Comm: tcp://127.0.0.1:50596	Total threads: 2
Dashboard: http://127.0.0.1:50603/status	Memory: 6.40 GiB
Nanny: tcp://127.0.0.1:50580
Local directory: /var/folders/j2/6znnc26n7r9gk1qjgh7wy6bh0000gn/T/dask-scratch-space/worker-n26yax3w

# Example of efficient resource utilisation
import dask.array as da
x = da.random.random(size = (10_000,10_000,10), chunks= (1000,1000,5))
y = da.random.random(size = (10_000,10_000,10), chunks= (1000,1000,5))
z = (da.arcsin(x) + da.arcsin(y)).sum(axis = (1,2))
z.compute()

array([114088.23038208, 114412.76898299, 114062.70087907, ...,
       114507.50869038, 114166.89260871, 113983.68356763])

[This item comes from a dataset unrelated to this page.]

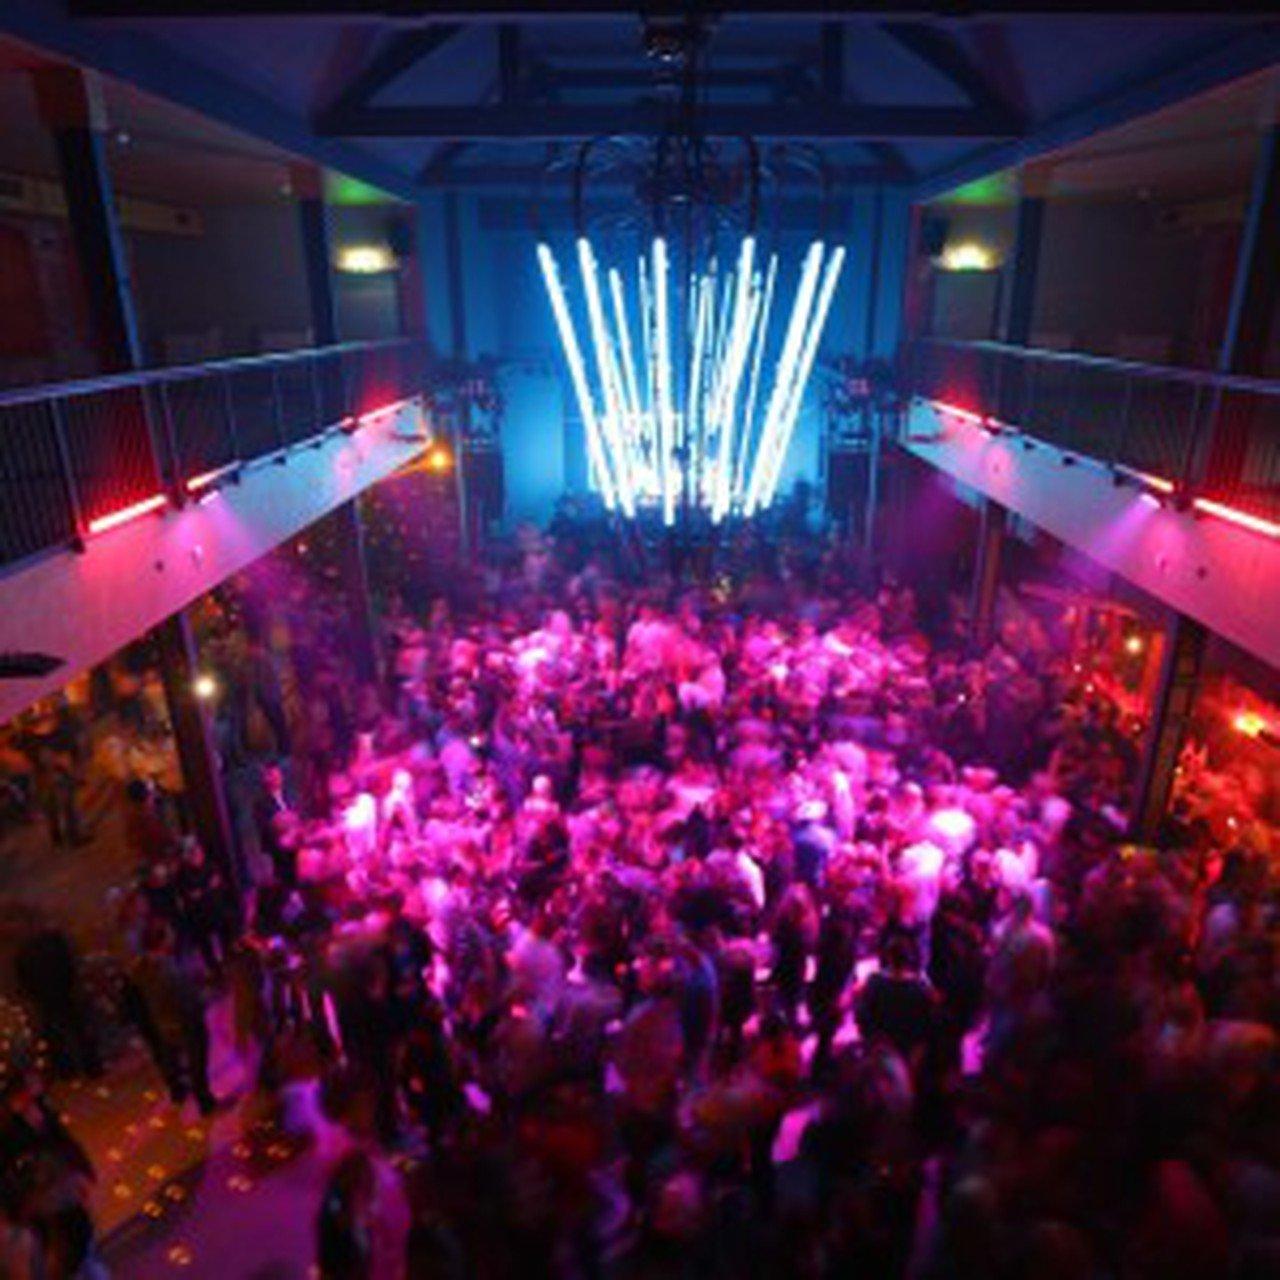 Leipzig corporate event spaces Industriegebäude Event Space image 0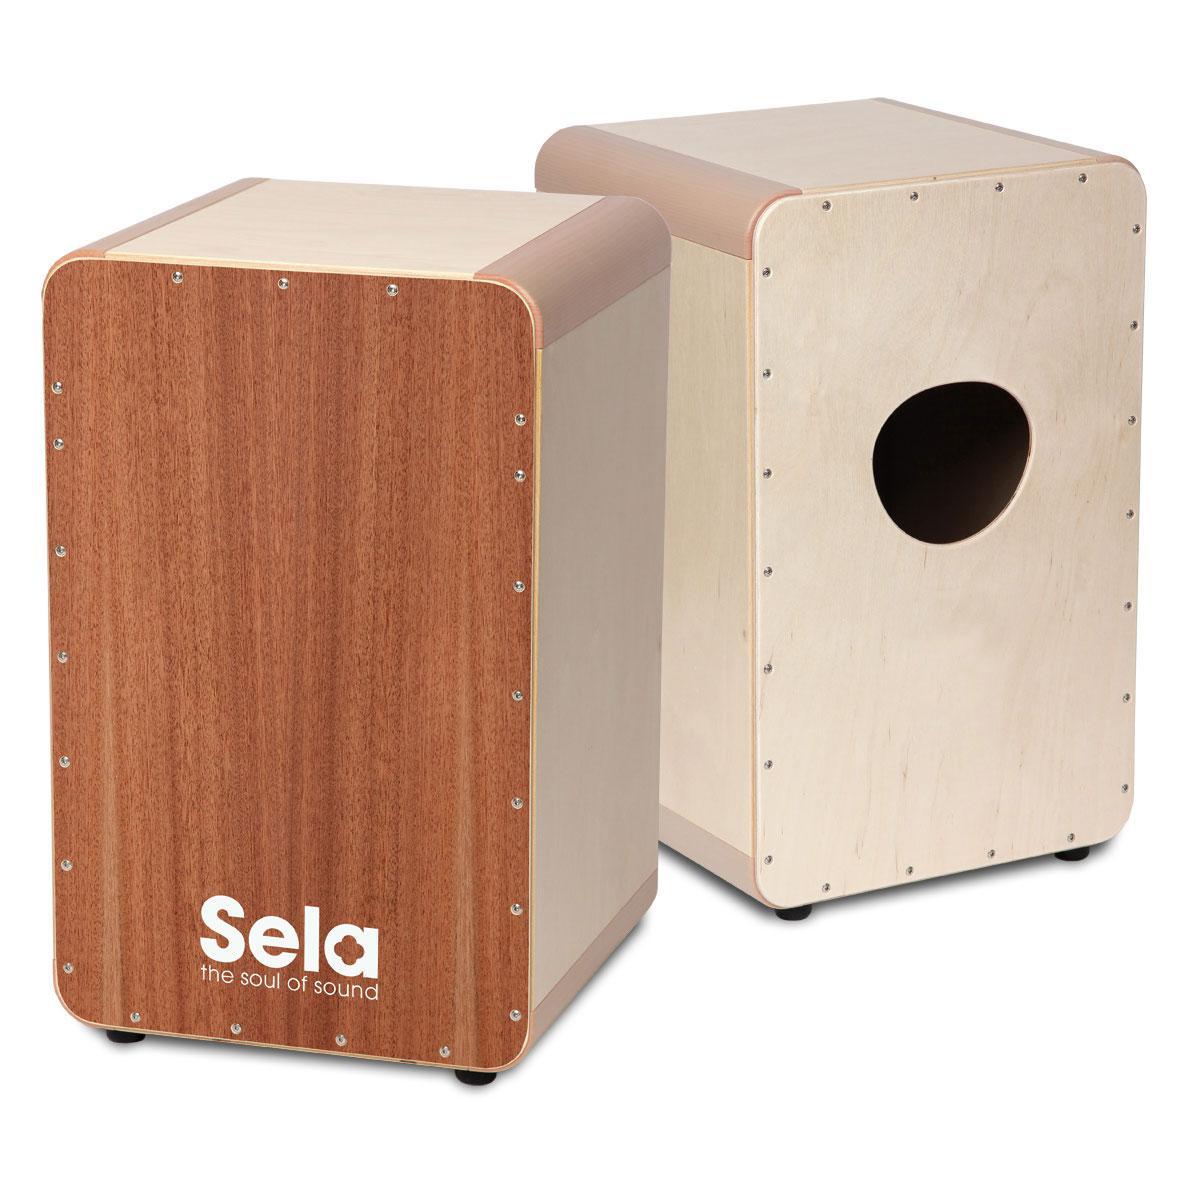 Sela Cajon Finish Set Cajon-Lack und spezieller Pinsel SE 028 NEU

# Inefficient resource utilisation - dask introduces too much overhead for simple sizes np handles well
x = da.random.random(size = (10_000_000),chunks = (1000,))
x.sum().compute()

/Users/kris/miniconda3/envs/parallel/lib/python3.9/site-packages/distributed/client.py:3357: UserWarning: Sending large graph of size 25.26 MiB.
This may cause some slowdown.
Consider scattering data ahead of time and using futures.
  warnings.warn(

5000296.402465192

client.shutdown

<bound method Client.shutdown of <Client: 'tcp://127.0.0.1:50573' processes=5 threads=10, memory=32.00 GiB>>

Key points

The similarity-by-design of the Dask API with pandas makes the transition easy compared to alternatives - although not all functions are replicated.
Scaling up to distributed systems, or down to simply running on your laptop, makes code easily transferable between different resources.
Dask enables parallelism without low level alterations in code.